-¡Está abriendo los ojos! ¡Por fin!
-Gracias a Dios
En la UCI pediátrica de un hospital de Valencia, un niño de apenas ocho años devolvía la alegría a su familia. O, al menos, parte de ella. Tras un tiempo de angustia, el niño recobraba la consciencia. El personal sanitario se unía a la familia en la celebración. Porque la historia de Miguel había conmovido a todo el mundo.
Miguel paseaba por su abuelo, como cada tarde, por el pueblo valenciano donde vivían. De pronto, un torrente de agua incontrolable les sorprendió, arrastrando todo lo que encontraba a su paso. El abuelo agarró al niño, al que ya le llegaba el agua al cuello, con fuerza y consiguió encaramarlo a un árbol valiéndose de uno de los coches que arrastraba la corriente. Sacando fuerzas de donde no tenía, aseguró al niño y le pidió que, pasara lo que pasara, no soltara esas ramas hasta que vinieran a por él. Apenas unos instantes después, desapareció, y nadie volvió a verlo. Miguel obedeció a su abuelo y se mantuvo agarrado con todas sus fuerzas hasta que un helicóptero le rescató. Estaba exhausto, magullado y tenía un fuerte golpe en la cabeza. Ingresó en el hospital, y permaneció inconsciente durante un interminable día y medio.

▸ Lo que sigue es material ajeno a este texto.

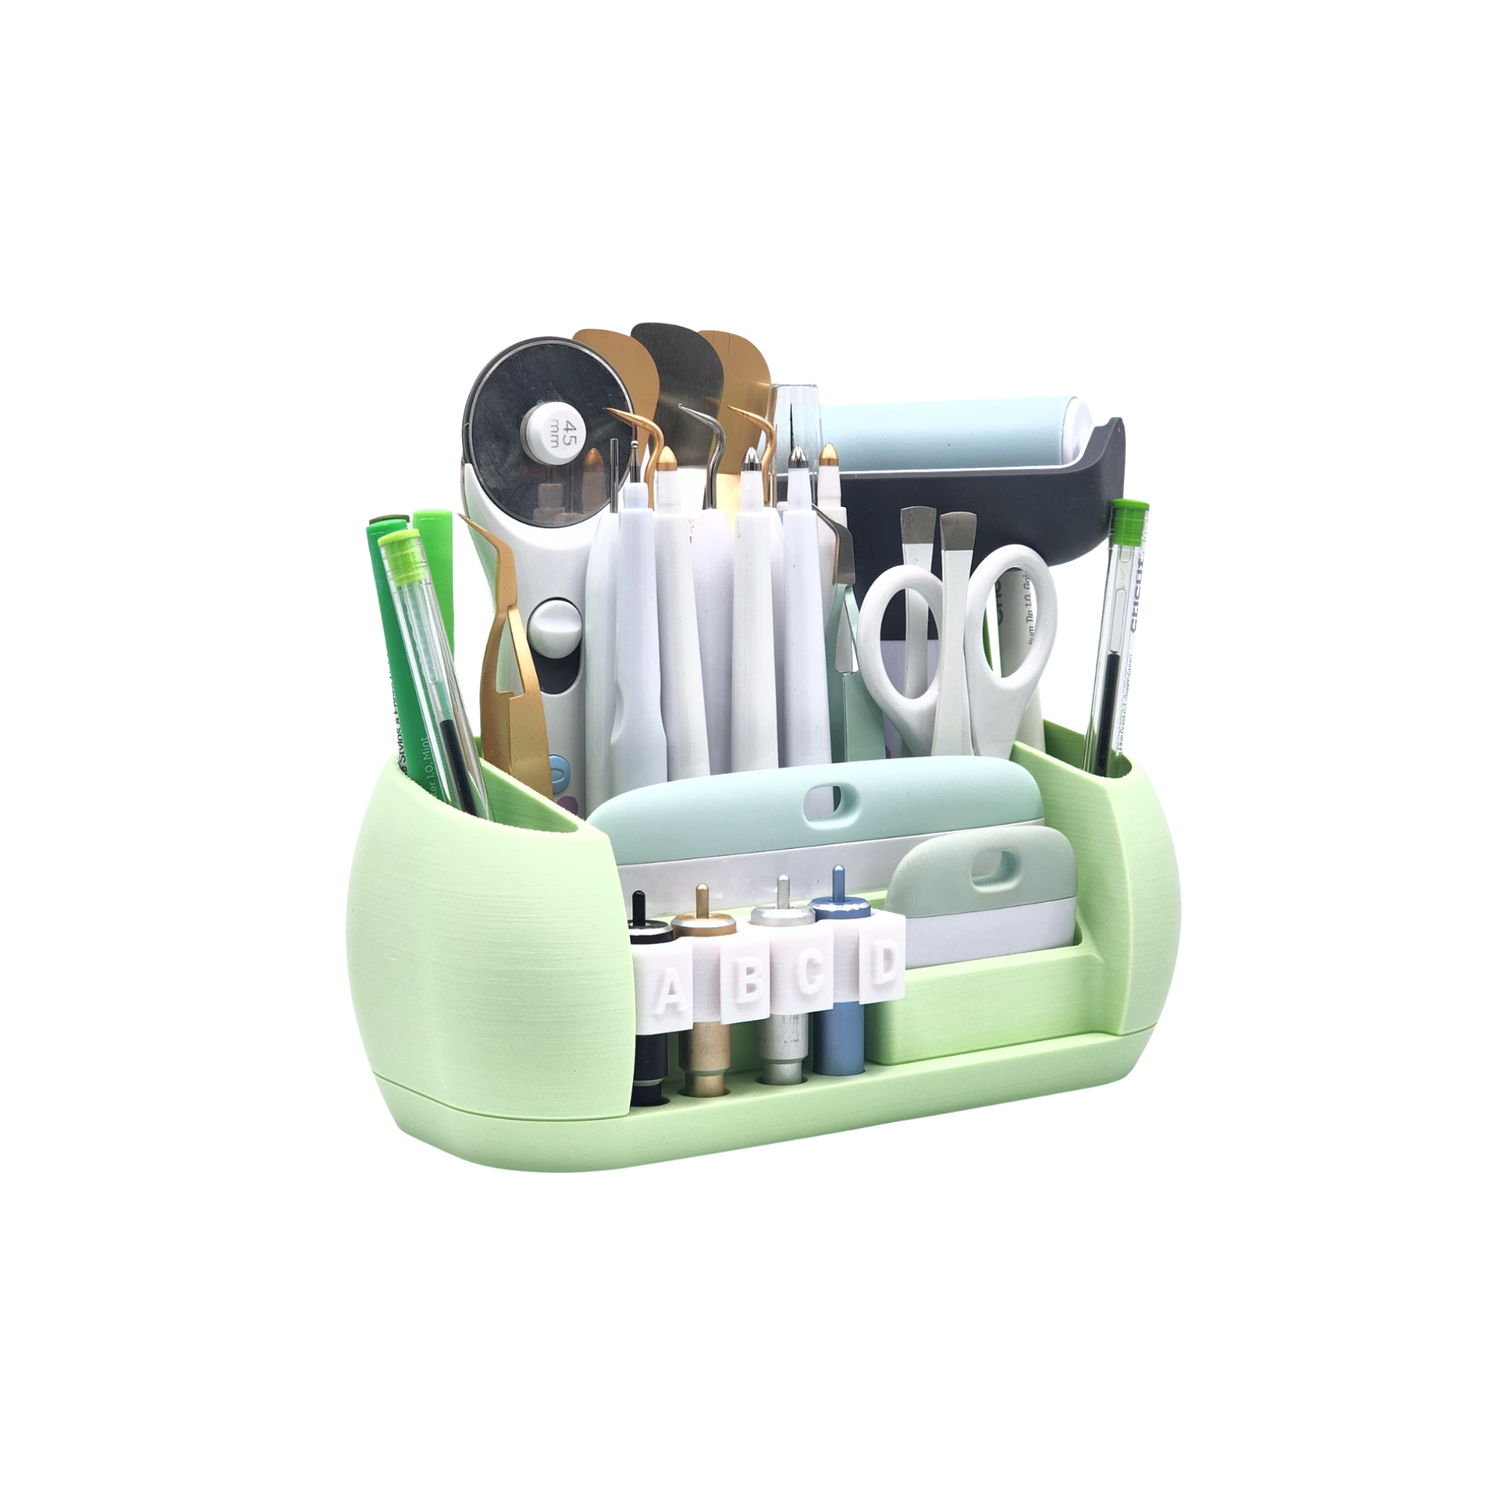 Small Fry 3.0 - Tool Caddy™ / Tool Holder or Organizer for

Por suerte, el niño no tenía graves daños físicos. Lo de su mente ya era otra cosa. No recordaba nada, y los médicos, una vez le dieron de alta, recomendaron que le dejaran tranquilo
– Sé que es difícil, pero deberían llevarse a su hijo fuera de Valencia. Hagan un viaje que le entretenga para que se reponga. Poco a poco, irá asimilando lo sucedido. Pero tiene un trauma importante, y mejor no precipitar las cosas
Los padres hicieron caso y, sacando fuerzas de flaqueza y gracias a la ayuda económica de unos y de otros, organizaron un viaje a Laponia. Verían a Papá Noel y su hijo, después de lo que había sufrido, tendría una alegría.
Dicho y hecho. A principios del mes de diciembre ya estaban en un avión rumbo a la casa de Santa Claus. En ningún momento comentaron a Miguel nada de lo que había pasado, y evitaban cuidadosamente que le llegara ninguna noticia al respecto. Le dijeron que era un regalo por sus buenas notas, y que ya habían hablado con su colegio para que le permitieran faltar unos días más a clase. Miguel no podía saber que ya no había colegio, ni clase, ni nada. Y por supuesto, nadie debía hablarle de su abuelo, del que le dijeron que fue a pasar unos días a casa de su tía.
No resultó nada fácil a los padres del niño disimular su pesar por la pérdida de su negocio y los daños en su casa, y el inmenso dolor por la muerte del abuelo, cuyo cadáver ni siquiera había aparecido. Lees costó un mundo fingir ante su hijo una alegría que no sentían. Pero el bienestar de la criatura lo merecía todo.
Cuando llegaron a su destino, Miguel fue aupado en brazos de Santa Claus, como tantos otros niños. Quien representaba ese papel no sabía valenciano, que era lo que hablaba el niño, pero disimulaba muy bien. De haberle entendido, habría escuchado lo que dijo
– Santa, cuida de mi abu, allá donde esté, que seguro que puedes. No les quiero decir a mis papis que lo sé todo, porque se han esforzado tanto que me da pena ponerlos más tristes
Después, le dijo algo más al oído, pero nadie puedo escucharlo. A sus padres les contó que le había pedido los juguetes que había escrito en su carta. No les explicó nada más.
Cuando llegaron a la casa donde se alojaban, Miguel encontró un paquete con una nota que decía que Papá Noel había decidido traerle el regalo allí en vez de en su casa de Valencia. El niño abrió el paquete y sonrió
– ¡Un patinete eléctrico!, Justo lo que había pedido
Sus padres se miraron y sonrieron aliviados. No podían saber que, a muchos kilómetros de donde se encontraban, Papá Noel había cumplido con lo que Miguel le pidió. El cuerpo de su querido abuelo había sido encontrado, por fin. Y cuando recibieron la noticia, los padres de Miguel se abrazaron, emocionados, tratando de que el niño no los viera. No podía saber nada
Él, que les espiaba por una rendija, también se emocionó y trató de que no le vieran. No podían saber que él lo sabía todo. Y Papá Noel también.